In Search of Dark Data

Figure 1: EuroGEOSS Broker. Image Credit: S Nativi

Figure 1: EuroGEOSS Broker. Image Credit: S Nativi.

It is very easy for the data painstakingly recorded by scientists to fade away into the background once it has been used for a paper or study. The goal of Earthcube, a collaboration between the National Science Foundation and Earth scientists, is to bring that data back into the open and to make sure other teams can see, analyze and build on that work to obtain insights into the environment.

“Everything is so coupled in the Earth system,” said Siri Jodha Singh Khalsa of the National Snow and Ice Center (NSIDC) in Boulder, Colorado, and standards lead on the Global Earth Observation System of Systems (GEOSS).

“To get to the pressing problems, especially in the area of global change, in order to predict the trends and predict what is going to happen in the Earth system, you have to understand these dependencies. Science has to take a cross-disciplinary approach,” Khalsa said.

There is a huge amount of data already in existence. The problem has been making it readily accessible.

“A researcher may be funded to do fieldwork. They derive results and they produce an Excel spreadsheet with their measurements, whether it’s worms in the soil or ice crystals in a snow pack,” Khalsa said. “That data set often doesn’t get formally archived. It might be put on a website or included as supplementary information in a journal or sits on an FTP server. That dark data presents a challenge because, usually, the only route to it is through the investigator. But it is something that can be addressed and it’s something that is of great interest to Earthcube.”

Figure 2: EuroGEOSS Broker. Image Credit: S. Nativi.

Figure 2: EuroGEOSS Broker. Image Credit: S. Nativi.
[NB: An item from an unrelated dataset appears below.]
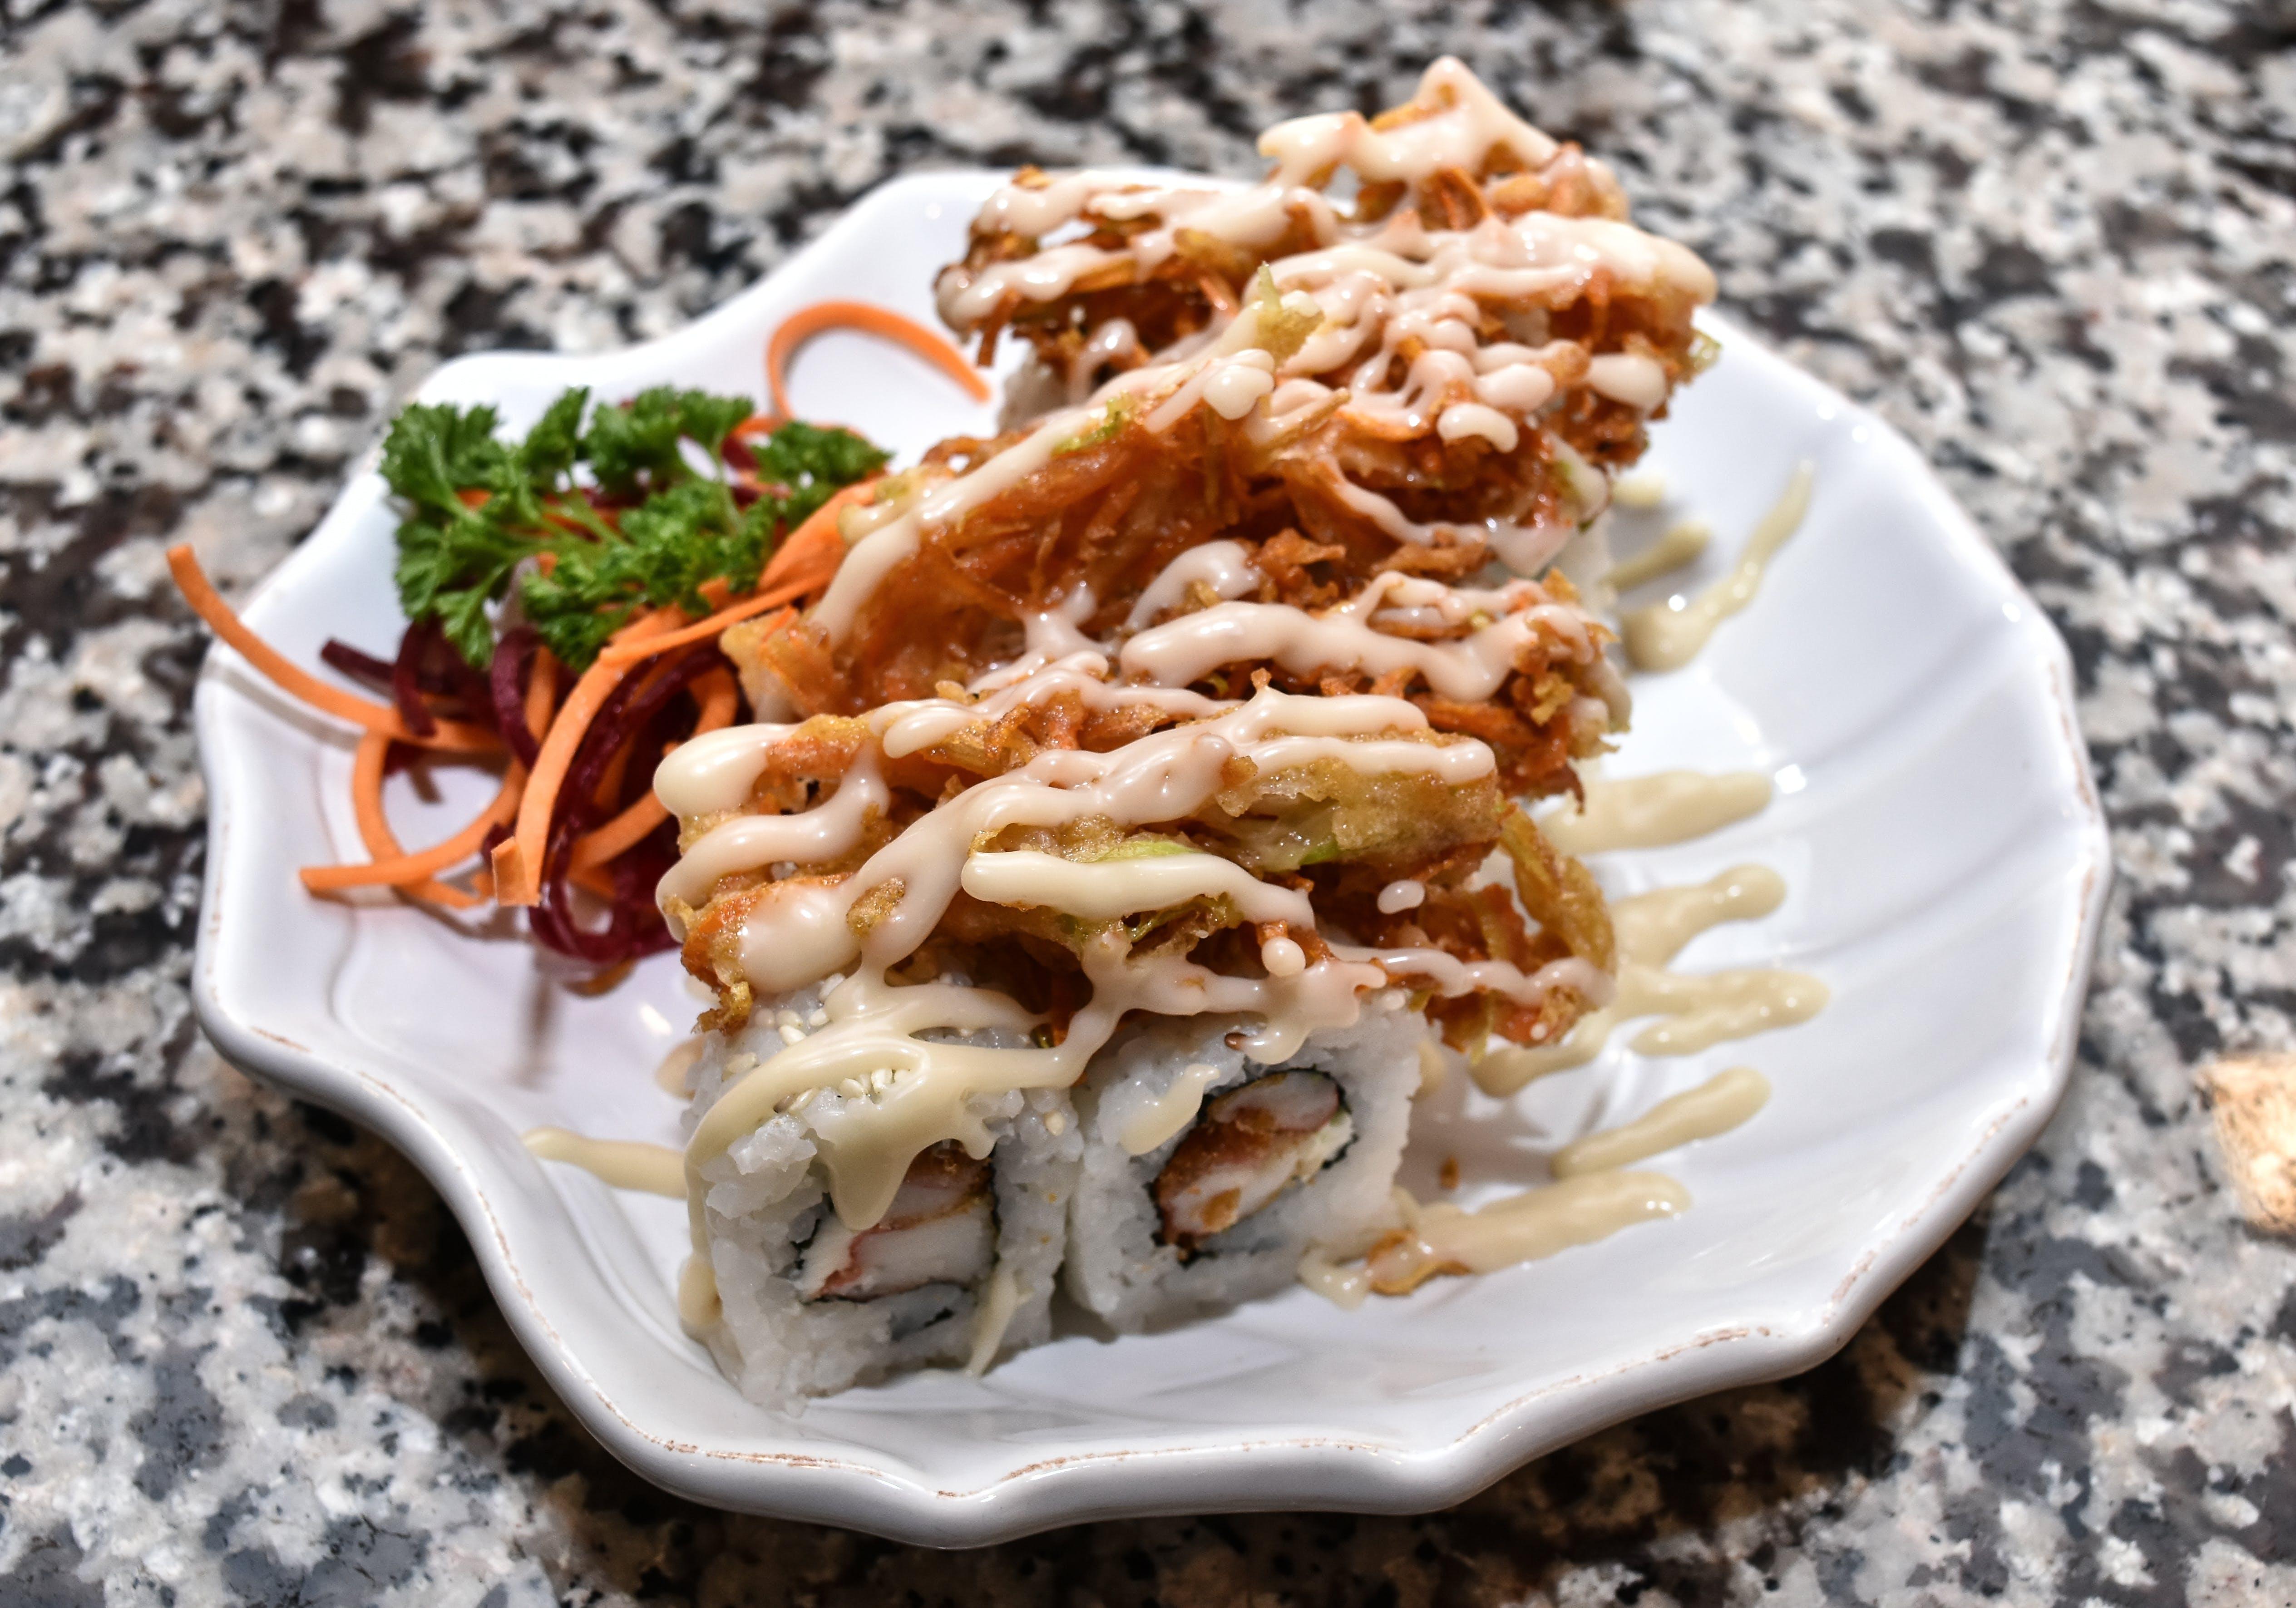 Free stock photo of japanese food, sushi
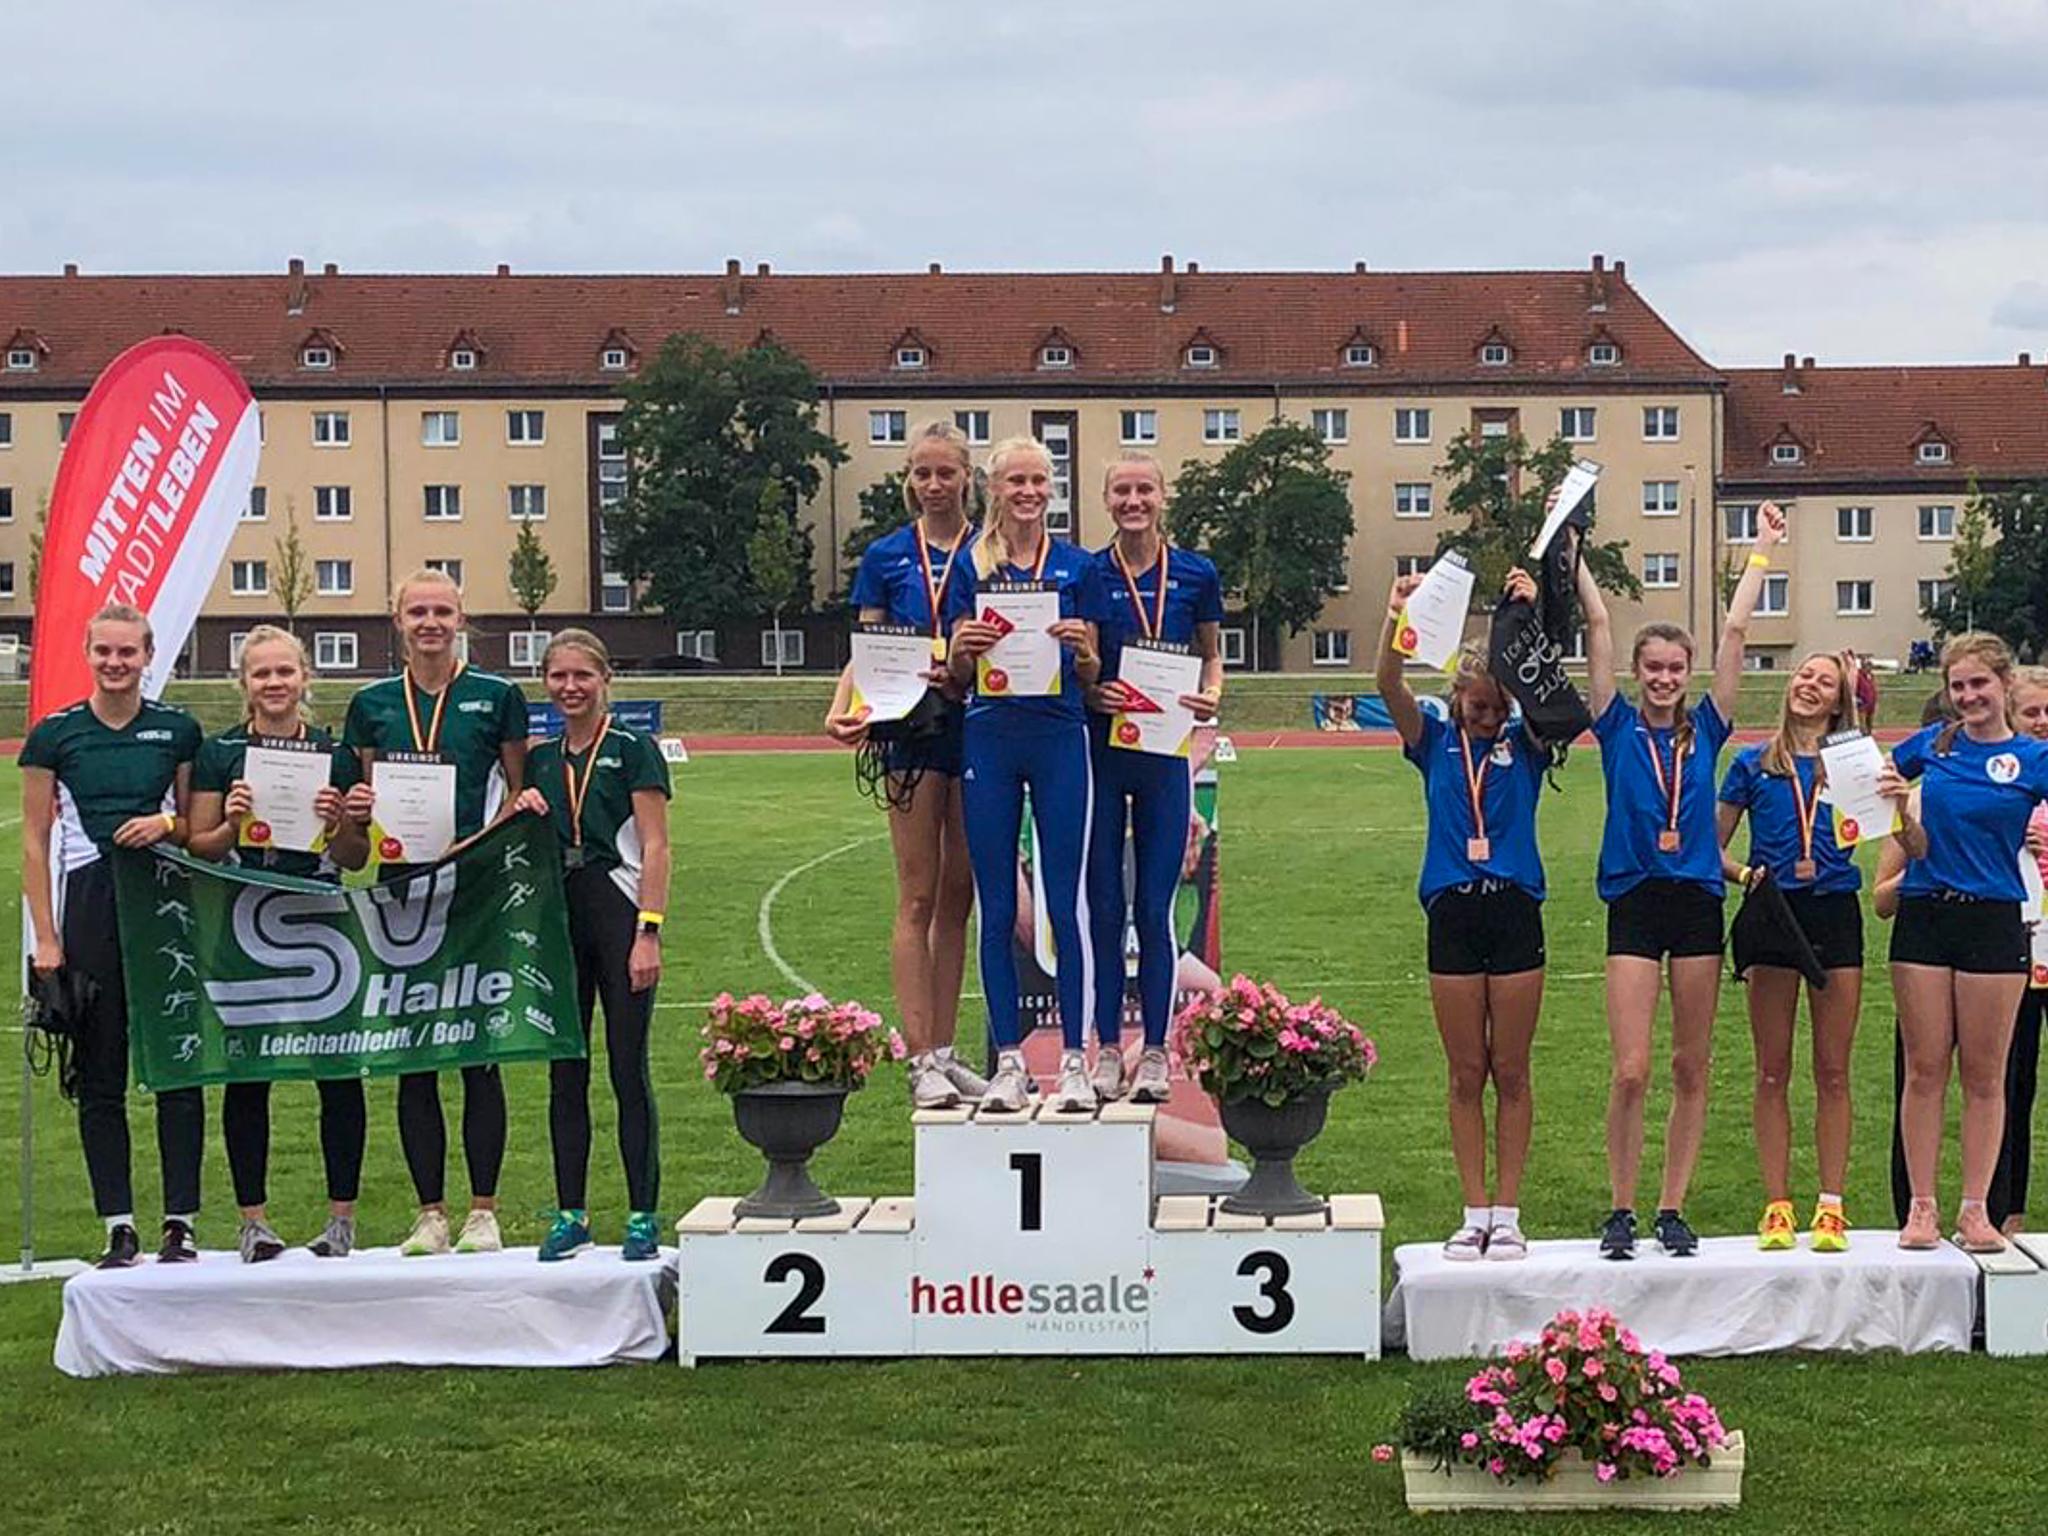 2020-08-29_DM-Mehrkampf-U16 - 20200830-DM-Mehrkampf-U16-Mannschaft

Data delivery could be easier if the data were converted to common formats. For example, the WaterML format, which currently is limited to data on water resources, lets researchers grab data on groundwater levels, mineral concentrations and other readings in a standard way so that they do not have to work out how to convert the values for use in their own computer systems.

Many new Earth observation techniques rely on the ability to bring data in from different fields. But researchers in those other fields may use different data formats, coordinate systems and even use different terms for the same measurements. Even if scientists wanted to go back to old datasets locked away in Excel spreadsheets and bring them online, they are unlikely to have the time to convert them into a form that can easily be used by workers in other fields.

Information technology provides one answer: The EuroGEOSS project, funded by the European Commission, adopted a technique widely used in other large-scale software-based systems. This technique makes the computer convert data into more convenient forms on the fly instead of forcing scientists to adopt common languages and structures. The core of this system is a ‘broker’ – a computer program that understands the format used by each piece of data in its catalogue so that it can reformat the data automatically.

See also:

EarthCube: Helping Scientists Share What They Know

EarthCube Brings Big Data Sets to Diverse Researchers

The EuroGEOSS team split the broker into three elements. The first component, the access broker, pulls information from the online resources in its catalog, converting the values into a format the user’s software understands.

The discovery broker attempts to solve another problem that scientists face when assembling data from different disciplines – working out what data is available and whether it is relevant. The discovery broker makes it easier to find information from sources they might not have previously considered.

The key to the broker’s overall success is its support for semantic brokering, says Stefano Nativi of Italy’s National Research Council and a member of the infrastructure board at the Group on Earth Observations (GEO). Terminology across disciplines can change dramatically. This results in scientists overlooking sources of information if they do not perform searches using terms employed outside their own discipline. Semantic brokering automatically looks for synonyms during a search so that researchers interested in water levels within a region do not miss data simply because they asked for “precipitation” but neglected to type in “runoff” or “evapotranspiration.” The semantics broker contains a model that links these terms to “water” so that a search on that will bring up all the related research.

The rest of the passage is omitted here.